Business Trends in Digital Technology

The effect of digital technology in business is far greater than anybody could have ever imagined. In the past 10 years, there has been more development and technological evolution than in several centuries before that. What seemed impossible only a short while ago is now not only possible but essential for companies to survive in a constantly changing business environment.

But advances in technology don’t come without a price. Continuous improvement has led to escalation, and perhaps information is now more of a security threat than ever before. As such, the need for implementing protection measures has become more and more important.

Having said that, let us look at three digital technology trends as it pertains to business.

Cybersecurity and Incident Management

Aside from preventing security breaches and cyber-attacks from happening, the biggest and most pressing IT challenge companies in all industries face is the proper processing and handling of security-based incidents. For example, let us imagine a hacker who infiltrates the data management systems within an organization and either steals or corrupts employee or customer information.

In this case, the cybersecurity systems in the company have already failed and the information has been taken.

But there are still things to do. For one, the business has to identify how the hacker could break through firewalls and other network security systems. Second, it has to implement strict policies and procedures to prevent this from happening again.

cyber security

One way to do this is in-house, using whatever resources the company has. A better alternative though would be to outsource these processes and make use of incident management modules like the ServiceNow security operations app. They are not only faster but also better equipped to handle events of this magnitude.

Infrastructure as a Service

In cities and other metropolitan areas, infrastructure refers to public services provided by either the government or private corporations in the service of its citizens. Examples include hospitals, schools, libraries, transportation systems, bridges, and roads.

When people go to work by train, they don’t have to build the train and railway. They also don’t need to buy it. Instead, they can obtain a ticket and use it for one or several trips.

The same goes for hospitals. If I need an X-ray on a broken leg or a CT scan to determine whether I am suffering from conditions like cancer, heart disease, emphysema, or cerebral tumors, I don’t need to acquire the machine itself. I don’t even need to know how to use it.

It is the responsibility of the hospital and the medical practitioner. My job is to visit the hospital, take the test, and either pay for it by cash or medical insurance.

Currently, business is done similarly. Organizations don’t need to invest in expensive hardware, proprietary software, or data centers and server clusters. They can use pay-as-you-go cloud computing services like big data management, archival, online collaboration tools, and virtual machines.

This provides them with a dual benefit. First, they can use these services only when they need them. Second, they can customize them based on specific requirements for individual projects and workloads.

Hyper-Connectivity and the Internet of Things

When we talk about hyper-connectivity, we usually mean super-fast networks that allow for the transferring and processing of large amounts of information. In today’s day and age, this is not measured in megabytes or gigabytes. Rather, technologies like 5G can transfer terabytes of data in seconds.

For example, you can download a high definition movie on your computer in less than half a minute or transfer an entire encyclopedia of knowledge from a library to your smartphone at the blink of an eye.

As for the internet of things, it relates to machines or “things” connected to the internet. Examples in retail are telephones that can control home appliances like refrigerators, air conditioning systems, lights, and doors.

So what does this have to do with business? The answer is the same as with individual consumers, only at a much larger scale. For instance, let us take a national security agency in charge of military and defense systems.
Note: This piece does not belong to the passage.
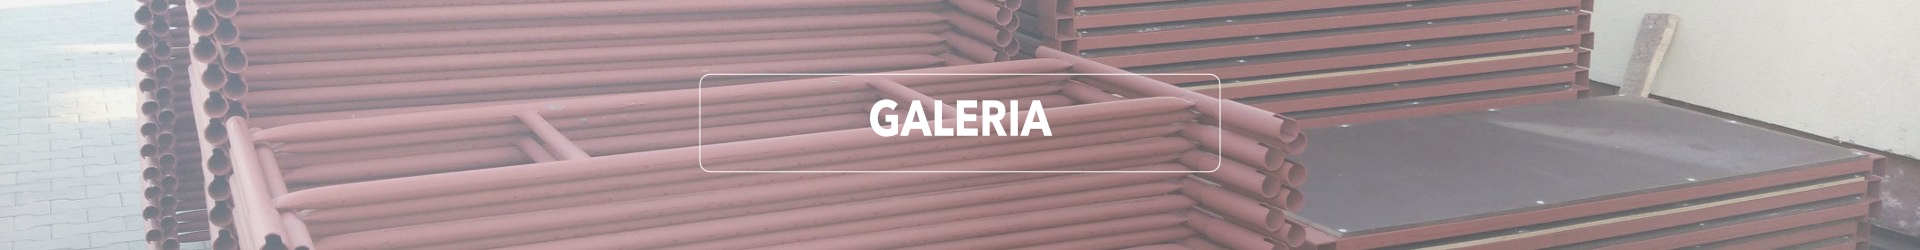 GALERIA-1920x250

A three-star general or the president himself can control tactile missiles, unmanned aircraft, and submarines from an office in Washington or Langley.

Another example is a multinational car company managing automated robots in factories, manufacturing plants, and other facilities remotely.

Cyber-security and incident management, infrastructure as a service, and hyper-connectivity and the IoT are three of the most important technology trends in business today. There are many others, such as blockchain, fintech, AI, machine learning, and automation.

As always, it’s about making things safer, faster, and more convenient. That is the essence of business, what all companies want to achieve.

As new technologies continue to surface and evolve, the future of business looks brighter than ever before.